Мы видели, что он приезжал с матерью в Поречье, когда по случаю семейных обстоятельств и по милости опекуна, родного брата отца его, имение их едва не было продано с молотка. Как оказались долги на имении их и как увлечены были Сурмины в эти трудные обстоятельства, мы, может статься, будем иметь случай говорить при встрече этого братца на перепутье нашего романа. Пробыв на службе в кавалергардах узаконенное число лет, он перешел в генеральный штаб. За несколько времени до того умерла его крестная мать, завещав ему свой миниатюрный портрет, писанный во время ее счастливой молодости. В генеральном штабе он оставался не больше пяти лет, призванный в деревню любовным голосом матери заняться хозяйственными делами, с которыми она, по слабости здоровья, не могла больше совладать.
Одним из самых пламенных желаний ее было, чтобы сын ее женился, хотя бы выбор его пал на бедную девушку; но выбор этот не представлялся.

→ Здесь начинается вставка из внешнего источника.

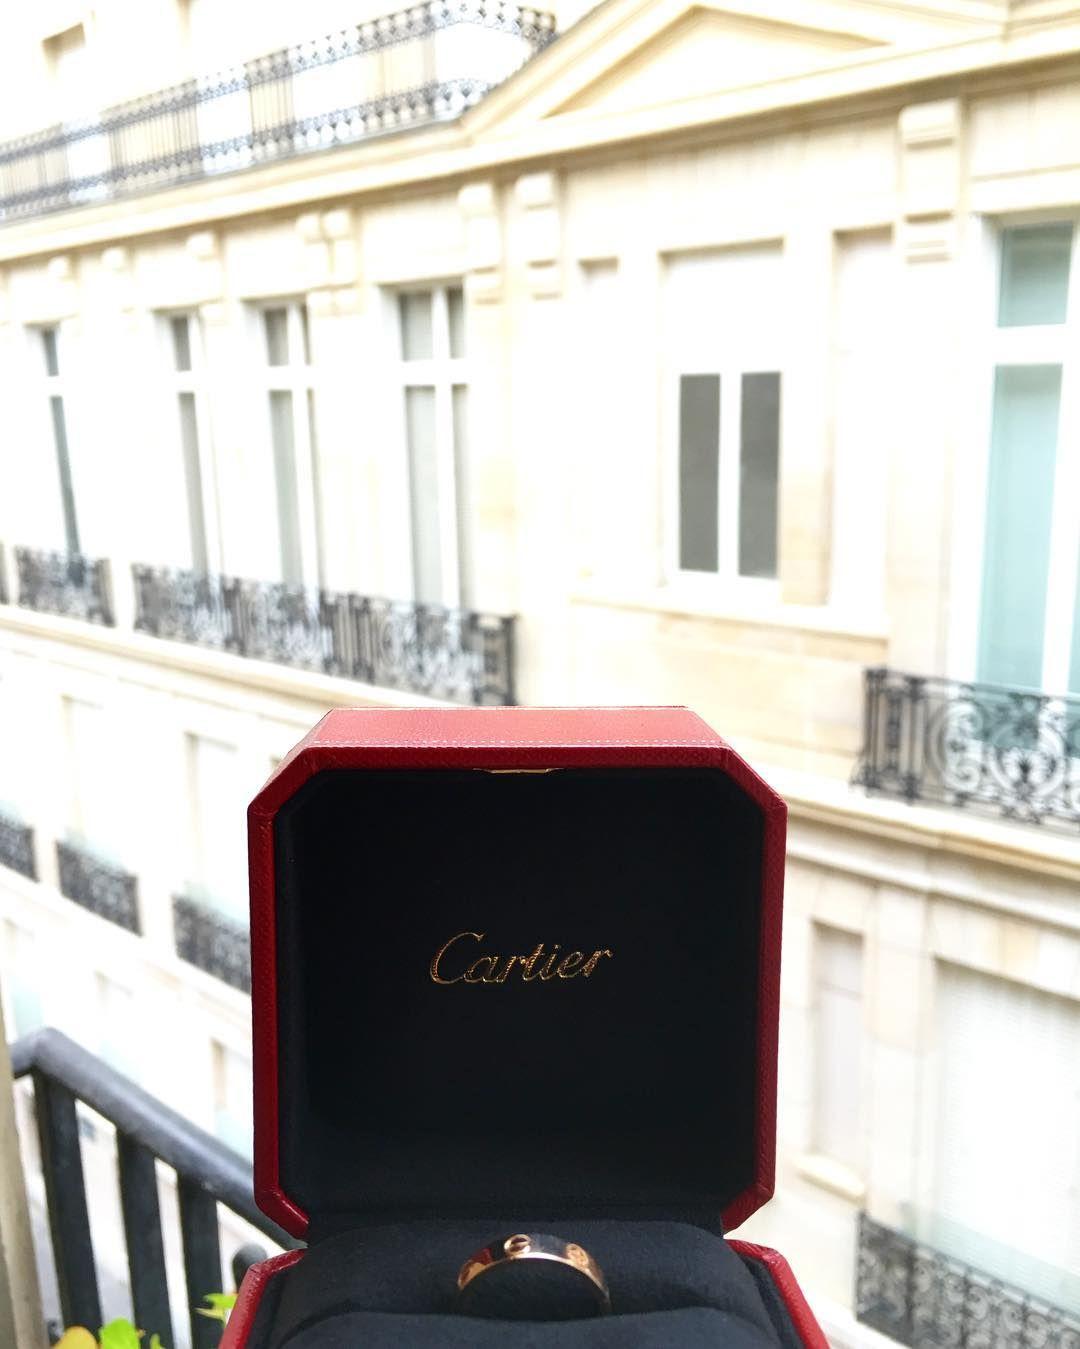 Paris Cartier

Сурмин, приехав в Москву по одному тяжебному делу, затеянному вновь его сутяжным дядей, имел случай бывать в разных кружках московского общества; здесь маменьки и дочки искусно и неискусно пускались на ловлю богатого женишка, но он не поддался их маневрам; сердце его оставалось свободным. Не чувство нежное вынес он из этих кружков, а злую сатиру на них, он же по природе был склонен к ней.
III
В Москве, также как и в Петербурге, есть и роятся дома, которых владельцы, желая избавиться от хлопотливых сношений со многими постояльцами, отдают квартиры целыми отделениями одному наемщику, а этот, уже по своему усмотрению и расчетам, разбивает их на несколько номеров. Ставится в них разнокалиберная мебель, купленная на Сухаревском или Смоленском рынках, и с того времени они из рядовых квартир возводятся в чин меблированных комнат и даже в chambres garnies[3]. Между тем некоторые из них можно бы приличнее назвать chambres dЙgarnies, — так выцвели и закоптели на них обои, облупились под когтями времени двери, полы и окна, так бедны они предметами сидения, лежания и хранения вещей, необходимых жильцу. Правда, некоторые, из этих жильцов могут сказать с гордостью римлянина, что они все свое имущество носят с собою. Случается, что по истечении контрактного срока хозяин дома, довольный наемщиком отделения за аккуратный платеж условных денег и добропорядочным поведением его постояльцев, решается обновить отделение на прежних или новых условиях. Для этой операции пользуются благодатными летними месяцами, когда жители Москвы, кто может по средствам своим, спешат, как говорится в витиеватом слоге, броситься из душной Белокаменной в объятия природы. Тогда отделение большею частью опустеет, все птенцы его повылетают из постоянных гнезд своих и свивают временные по окрестностям. Дачи столько раз и так эффектно описаны нашими фельетонистами-повествователями, что я избавляюсь от нового описания их. При наступающем обновлении меблированных комнат разве не покидает свою каморку какой-нибудь бедняк студент, которому не выпал счастливый жребий ехать на вакационное время к помещику — обучать всякой премудрости его детище, и осталось переноситься одними грустными думами в отдаленные родные края,
Где тыква и арбуз на солнце зреют.
Да и тут, если угол его понадобился для окраски и оклейки, его заставляют перекочевать в другой, обновленный номер, где он имеет удовольствие не только считать галок на крышах соседних домов и любоваться, смотря по погоде, голубыми или серыми клочками неба, но и обонять до одурения зловоние свежей масляной краски.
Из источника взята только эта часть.